For Mr. Lord, who died on Saturday in Manhattan at 102, such steadfastness was standard. For more than 60 years he was one of New York’s most successful and durable literary agents, representing Jimmy Breslin, Art Buchwald, Willie Morris, Doris Kearns Goodwin, Howard Fast, Lawrence Ferlinghetti, Gordon Parks, Edward M. Kennedy, Robert S. McNamara and the Berenstain Bears, among many others.
Joe McGinniss, for whom Mr. Lord handled the celebrated 1969 study of the marketing of Richard M. Nixon, “The Selling of the President 1968,” said in an interview for this obituary in 2013, a year before he himself died: “Sterling’s career encapsulated the rise and fall of literary nonfiction in post-World War II America. He was the last link to what we can now see not so much as a Golden Age, but as a brief, shining moment when long-form journalism mattered in a way it no longer does and may never again.”

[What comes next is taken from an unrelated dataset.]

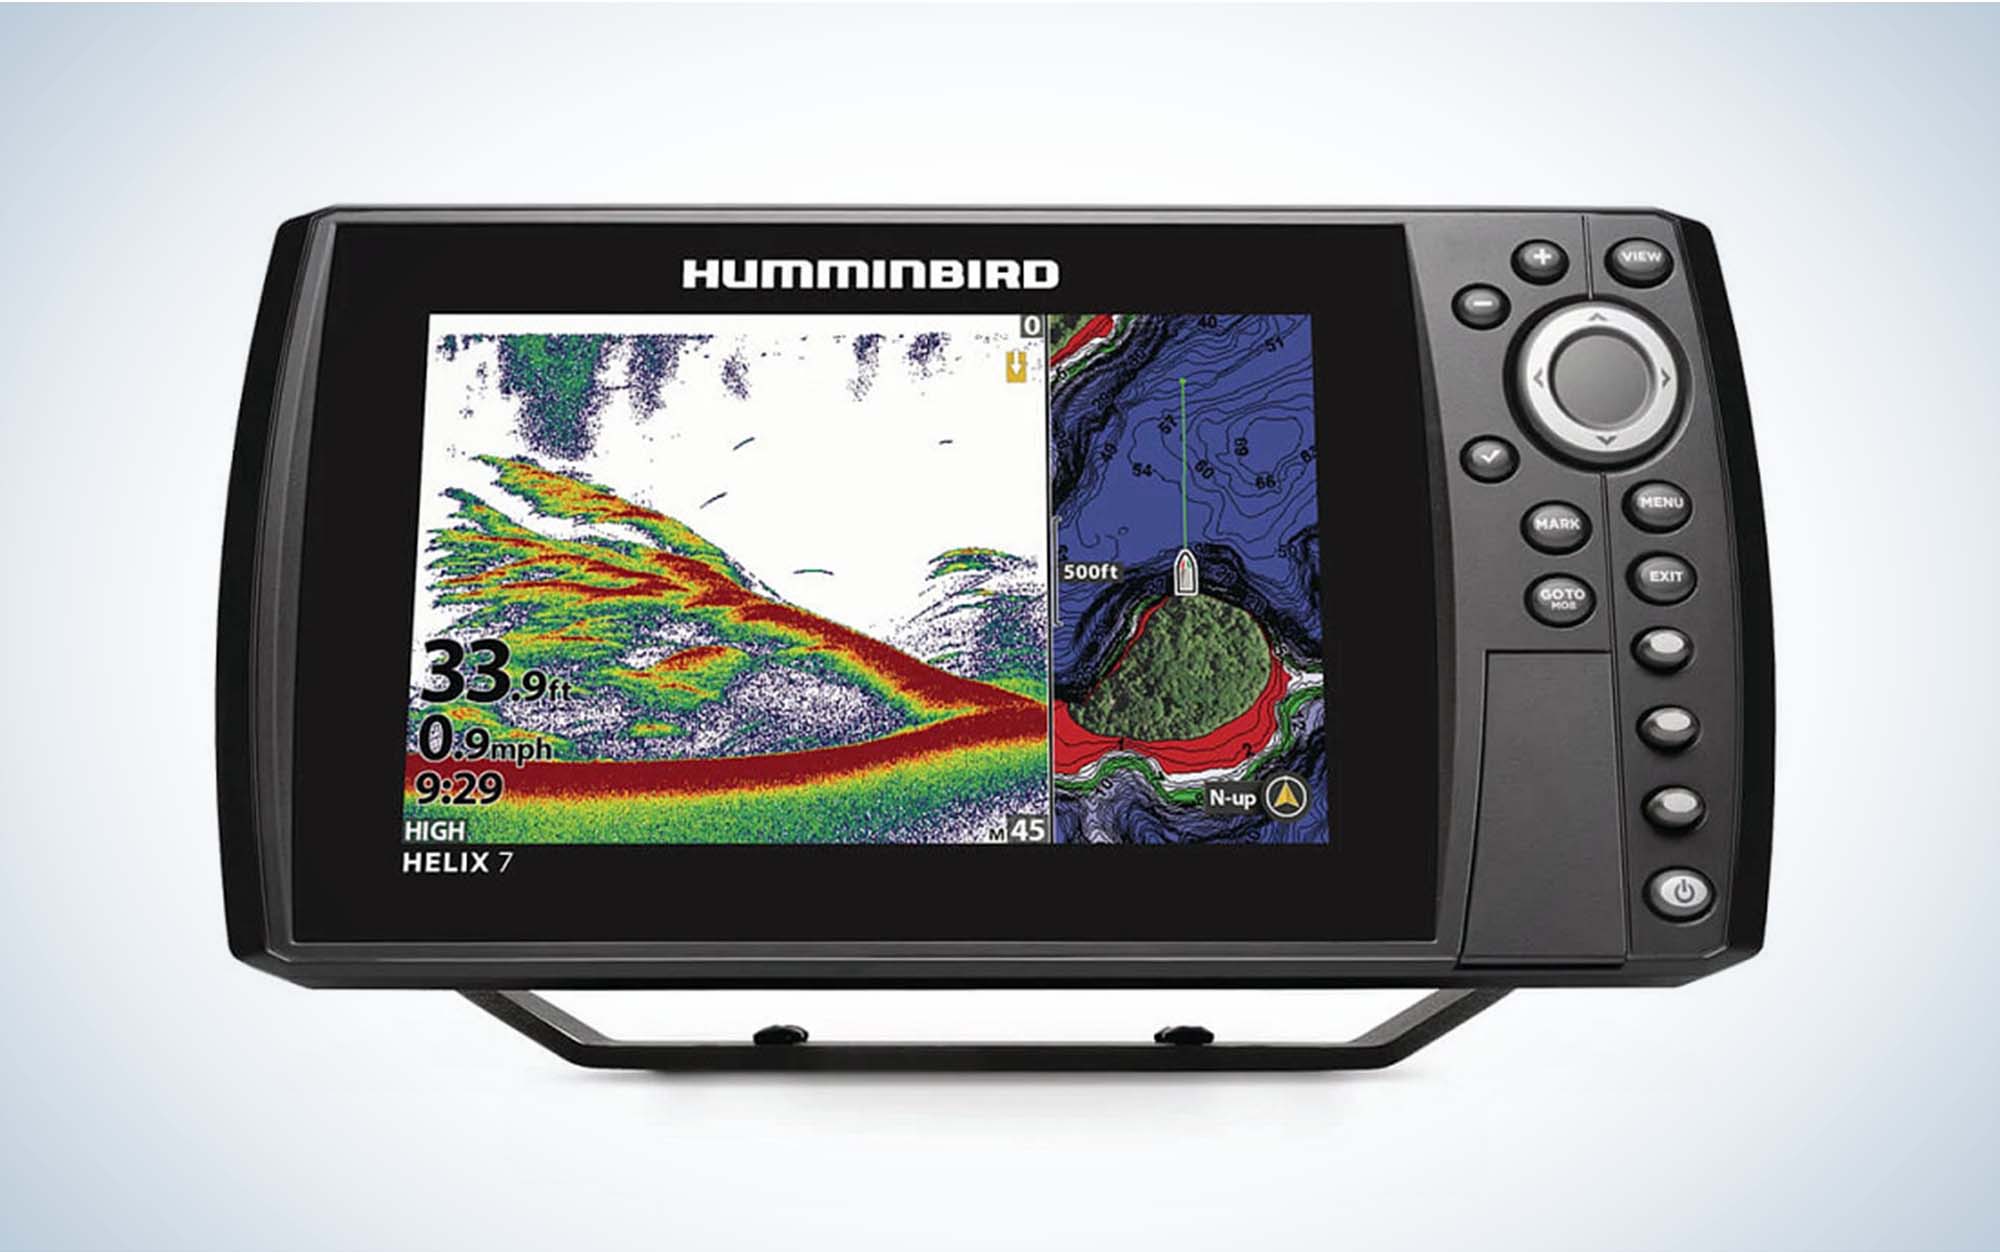 About Humminbird Fishing Electronics - Humminbird
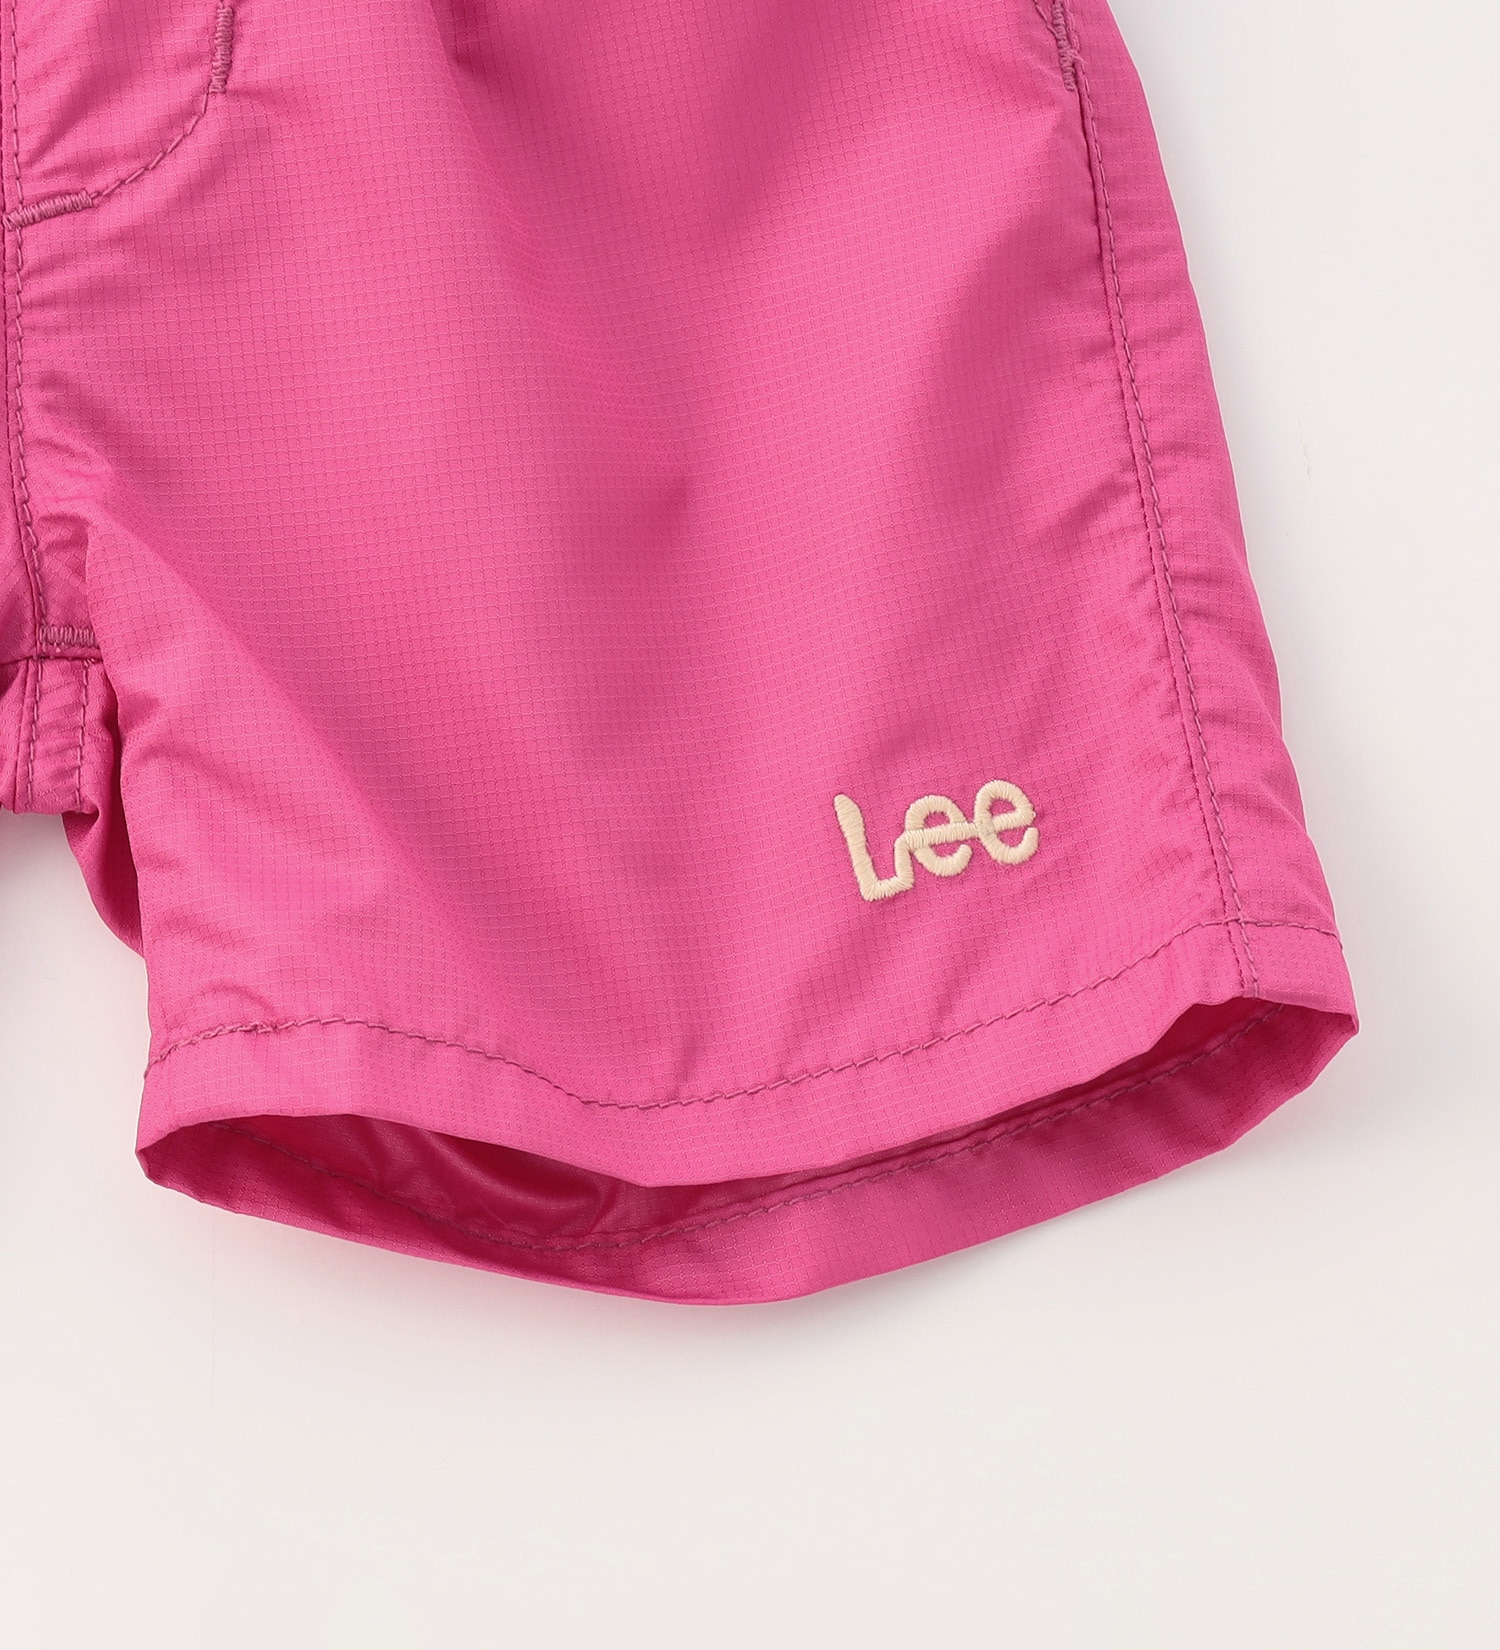 Lee(リー)の【80/90cm】ベビー アスレチックショーツ|パンツ/パンツ/キッズ|ピンク

It was for his association with another writer, Jack Kerouac, and Kerouac’s book “On the Road,” that Mr. Lord will most likely be remembered most, though his claim there is disputed.
Mr. Lord was a fledgling Manhattan literary agent in 1952 when, by his account, Kerouac walked timidly into his office, a basement studio on East 36th Street, just off Park Avenue. Though nearly the same age — Kerouac was 29 at the time, Mr. Lord two years older — the two men shared little else; Mr. Lord was an urbane man who favored jackets, foulards and tennis whites, spoke almost inaudibly, and had no apparent vices. Kerouac was a rough-hewed, hard-drinking New Englander who hung around with the Beats.